Submitted to The Australian on 23 February 1995.
The NSW State election is a yawn. Both parties are struggling to excite the electorate. Really struggling. A note of hysteria is sounding in the rhetoric and propaganda in the campaign. This is especially so with respect to law and order. It is not certain, however, whether the electorate is paying much attention.
A reason for this is the cautious style and slow speaking cadences of the premier. In this as in so many other areas, Mr Fahey rivals Calvin Coolidge, the little remembered US President of the 1920s.
Mr Carr, the Opposition Leader, has a great speaking voice for radio. He is an intellectual who is more at home at a US Presidential trivia night than, say, at an eye-glazing barbeque in honour of Macedonian discus throwers.
Both men are now engaged in an election all the pundits are calling as very close.
On the law and order front, the parties are reacting to the interesting polling news that the people are worried about car thefts and assaults.
The ALP member for Smithfield, Mr Carl Scully, has achieved notoriety in trawling for talkback radio opportunities. “I’d stamp his papers ‘never to be released’. Ever.” This is one of his memorable quotes about a prisoner facing a parole hearing.
The latest ALP election commercials feature film footage and commentary about a drug boss let off lightly through an immunity arrangement with the police. No-one likes crime bosses, still less drug dealers. The commercial is cleverly made — with footage of a character blissfully talking on a mobile telephone, stepping into a flash limousine in a dark alley. The images are menacing and mysterious: it all looks fishy. The advertisement blasts Mr Fahey as soft on crime bosses.

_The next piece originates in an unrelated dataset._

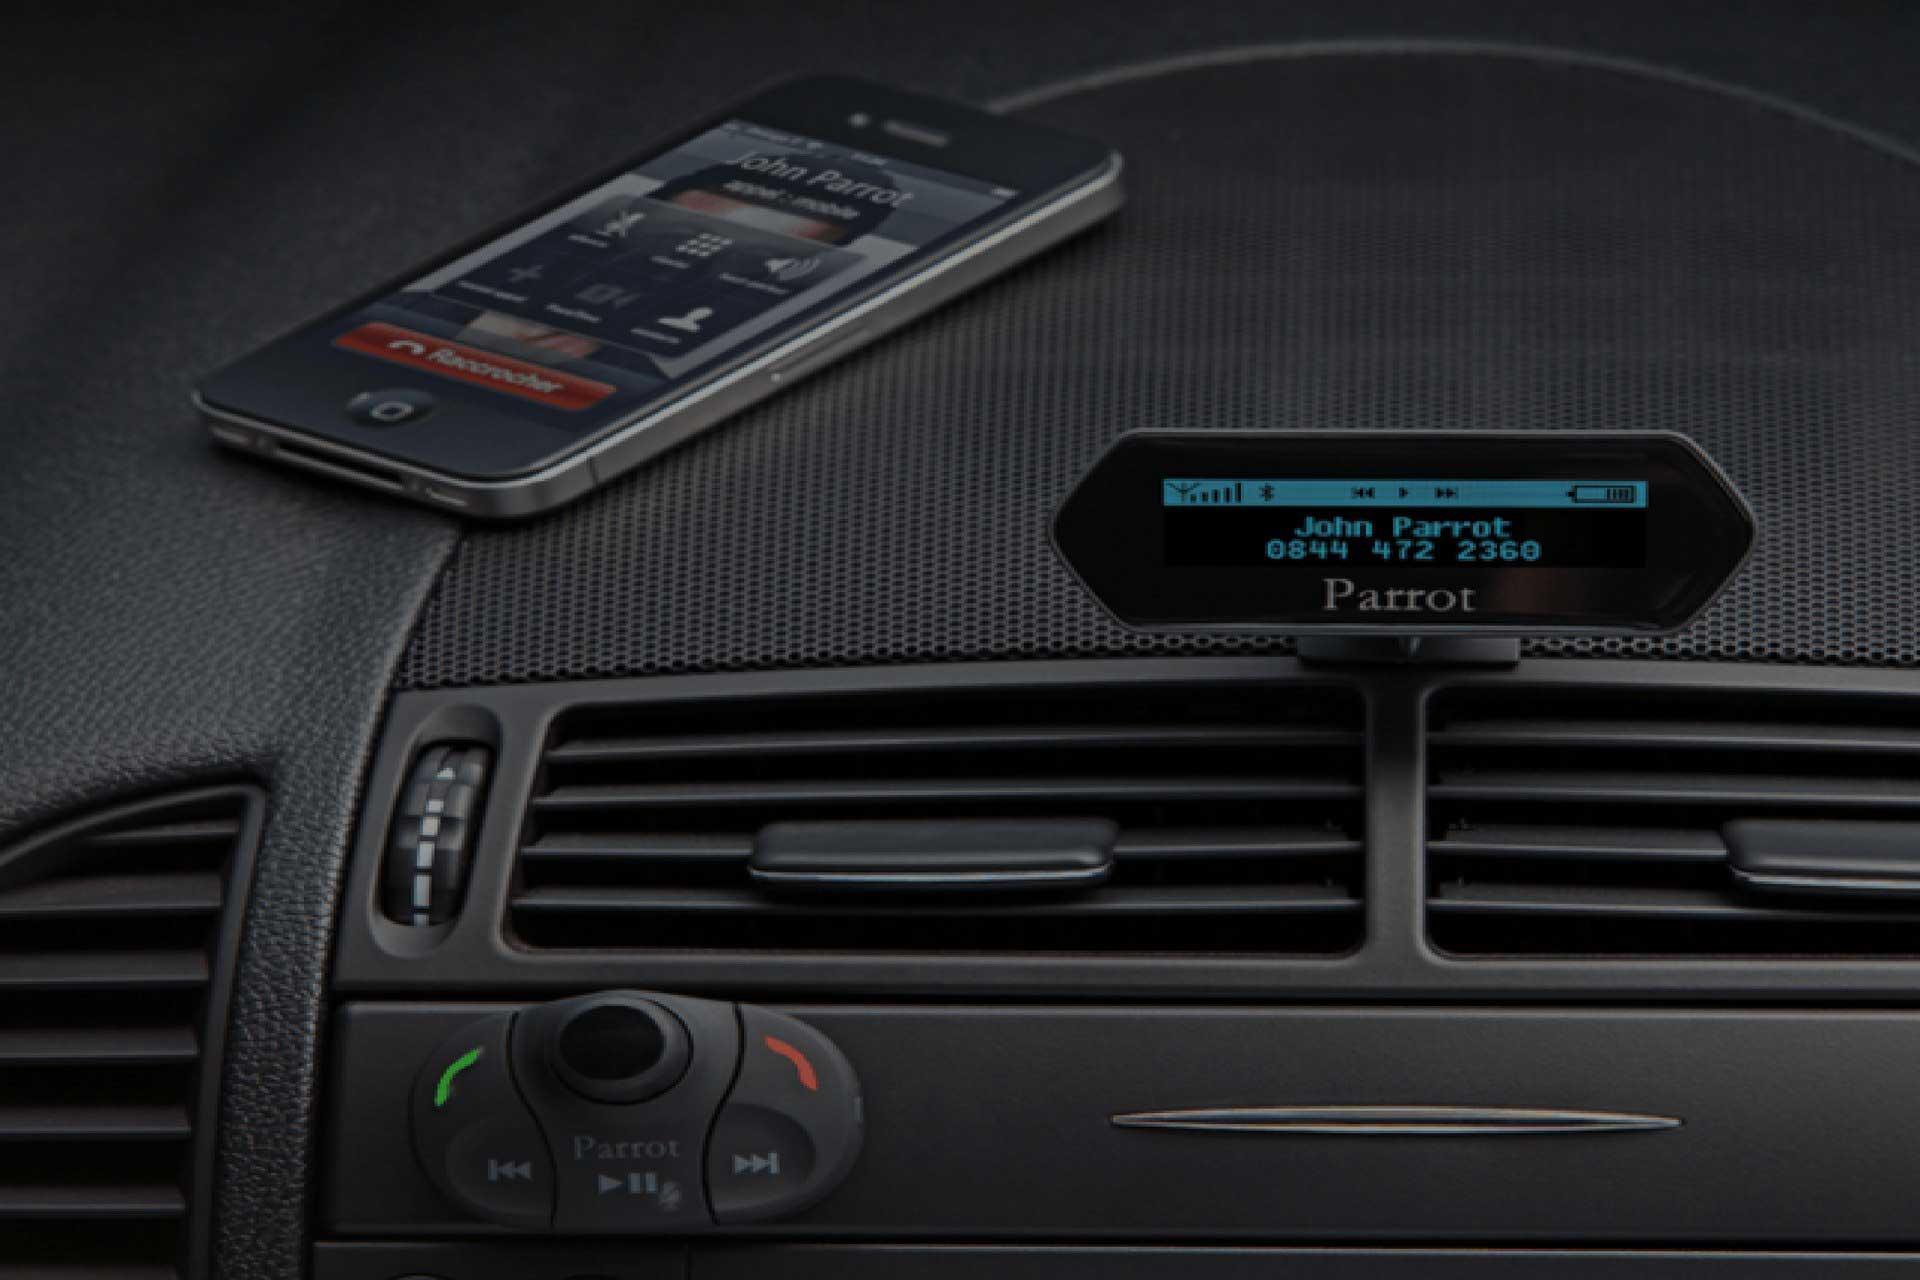 Bluetooth Hands Free Kits Hands Free Car Kits Mobile

For some reason, the Liberals have not started their campaign to counter this attack. Perhaps they hope it will go away. Perhaps they are too busy.
It is hard to take this terribly seriously. The way things are going, it will not be very long before this kind of interview occurs on morning radio:
Now I’ve got Mr Shaw on the line. He’s the Shadow Attorney General… Will you assure our listeners that under no circumstances will you let Mr Fox out on parole?
Mr Shaw: (attempting to interrupt)
I’d throw away the key, personally.
Now Mr Shadow Attorney, what do you say about that?
Key? Why would you keep a key? I’d melt it.
Why would you have a lock? You wouldn’t even need a key if you didn’t have a lock. I’d seal the prison cell — personally, if need be.
Yes. But you’d still give them bread and water, wouldn’t you?
Did their victims ever get bread and water, I ask you?!
And so on.
Such an imaginative construction is not so far-fetched.
Some of the ALP’s commercials look as if they have been scripted by someone from Fast Forward [the ABC television satirical show]
As for the Liberals, they are looking desperate. The Premier attacked union bossism in the ALP. His Industrial Relations Minister, Mrs Chikarovski, vainly tried to drum up a scare on industrial relations. Labor’s policy is a disaster, she claimed. The reported warm endorsement of the NSW Chamber of Manufactures spokesperson, however, for aspects of Labor’s policy, undercuts this attack.
Never has there been so little curiosity by the public in a campaign.
It pays to possess a black sense of the absurd.
The parties think that the electorate is not concentrating. So they are trying to deliver sensational messages to jolt them out of complacency. The ALP’s might appear be cheap and nasty, but they seem to be the only smell of life around. But it is a worry that advertising wizards, unleashed and inventive, provide the only spark of imagination in a dull campaign.
I am sure Paul Austin, opinion page editor at the Oz took one look at this, yawned and threw the fax into the bin. I concede that trying to create interest in a boring campaign was beyond me.